我的一个 DAG 设置为每 5 分钟运行一次。任务是简单地同步一些文件,没有什么太复杂的。但从昨天开始,一些运行似乎一直处于“运行”状态。这都是随机的,不知道为什么一些运行成功,而其他运行则卡在运行中。
气流版本:2.0.1
如果成功,该作业不应超过几秒钟。
该 DAG 的代码
import datetime
from airflow import DAG
from airflow.providers.ssh.operators.ssh import SSHOperator
args = {
'owner': 'xxx',
'start_date': datetime.datetime(2020, 9, 1)
}
dag = DAG('SYNC-JOB',
default_args=args,
schedule_interval='*/5 * * * 1-5',
catchup=False)
ssh_touch = SSHOperator(
task_id='sync_data',
ssh_conn_id='ssh-bo-localhost',
command="/folder/bin/syncjob.sh ",
dag=dag
)
对于不成功的,worker 中没有创建日志文件。对于成功的人来说,worker log
看起来像这样
airflow@node04:/opt/airflow/logs/SYNC-JOB/sync_data$ cat 2021-12-23T00:30:00+00:00/1.log
[2021-12-23 09:35:01,887] {taskinstance.py:851} INFO - Dependencies all met for <TaskInstance: SYNC-JOB.sync_data 2021-12-23T00:30:00+00:00 [queued]>
[2021-12-23 09:35:01,907] {taskinstance.py:851} INFO - Dependencies all met for <TaskInstance: SYNC-JOB.sync_data 2021-12-23T00:30:00+00:00 [queued]>
[2021-12-23 09:35:01,907] {taskinstance.py:1042} INFO -
--------------------------------------------------------------------------------
[2021-12-23 09:35:01,907] {taskinstance.py:1043} INFO - Starting attempt 1 of 1
[2021-12-23 09:35:01,907] {taskinstance.py:1044} INFO -
--------------------------------------------------------------------------------
[2021-12-23 09:35:01,938] {taskinstance.py:1063} INFO - Executing <Task(SSHOperator): sync_data> on 2021-12-23T00:30:00+00:00
[2021-12-23 09:35:01,944] {standard_task_runner.py:52} INFO - Started process 73 to run task
[2021-12-23 09:35:01,958] {standard_task_runner.py:76} INFO - Running: ['airflow', 'tasks', 'run', 'SYNC-JOB', 'sync_data', '2021-12-23T00:30:00+00:00', '--job-id', '2890710', '--pool', 'default_pool', '--raw', '--subdir', 'DAGS_FOLDER/sync-jobs.zip', '--cfg-path', '/tmp/tmpnhhip9dl', '--error-file', '/tmp/tmplvcy0bm5']
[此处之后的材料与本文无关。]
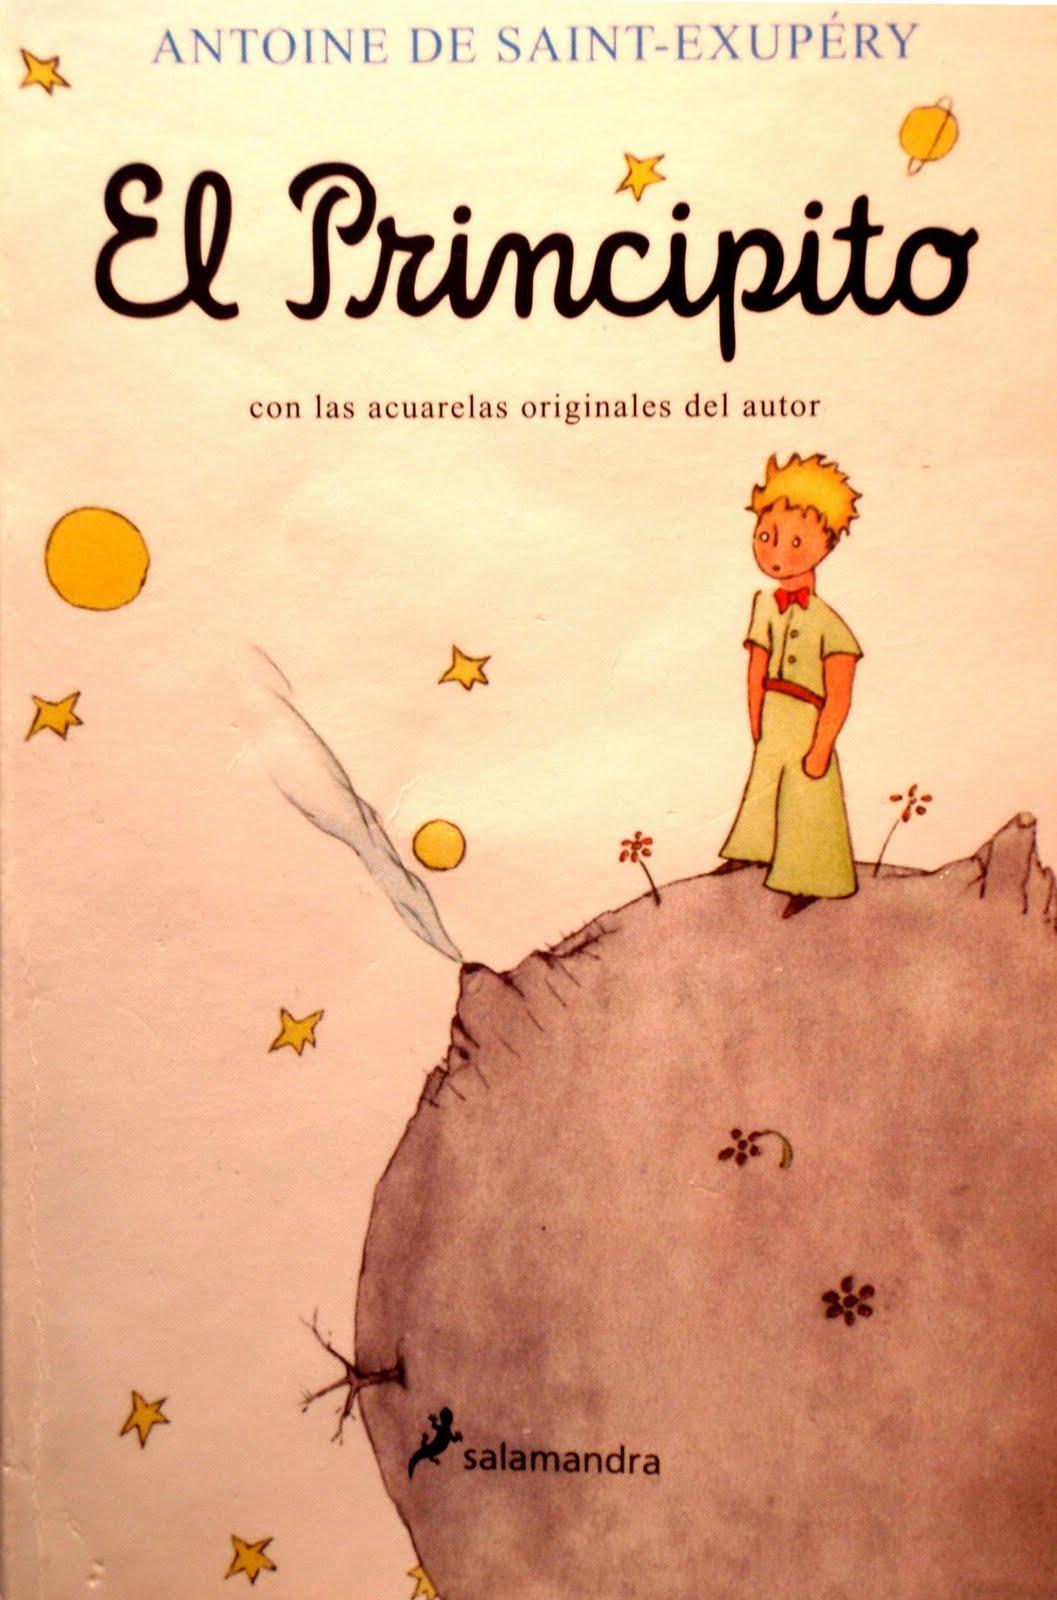 Mini Libro El Principito Completo Actiludis | apexwallpapers.com

[2021-12-23 09:35:01,958] {standard_task_runner.py:77} INFO - Job 2890710: Subtask sync_data
[2021-12-23 09:35:02,033] {logging_mixin.py:104} INFO - Running <TaskInstance: SYNC-JOB.sync_data 2021-12-23T00:30:00+00:00 [running]> on host node04
[2021-12-23 09:35:02,150] {taskinstance.py:1257} INFO - Exporting the following env vars:
AIRFLOW_CTX_DAG_OWNER=abhishek
AIRFLOW_CTX_DAG_ID=SYNC-JOB
AIRFLOW_CTX_TASK_ID=sync_data
AIRFLOW_CTX_EXECUTION_DATE=2021-12-23T00:30:00+00:00
AIRFLOW_CTX_DAG_RUN_ID=scheduled__2021-12-23T00:30:00+00:00
[2021-12-23 09:35:02,151] {ssh.py:90} INFO - ssh_hook is not provided or invalid. Trying ssh_conn_id to create SSHHook.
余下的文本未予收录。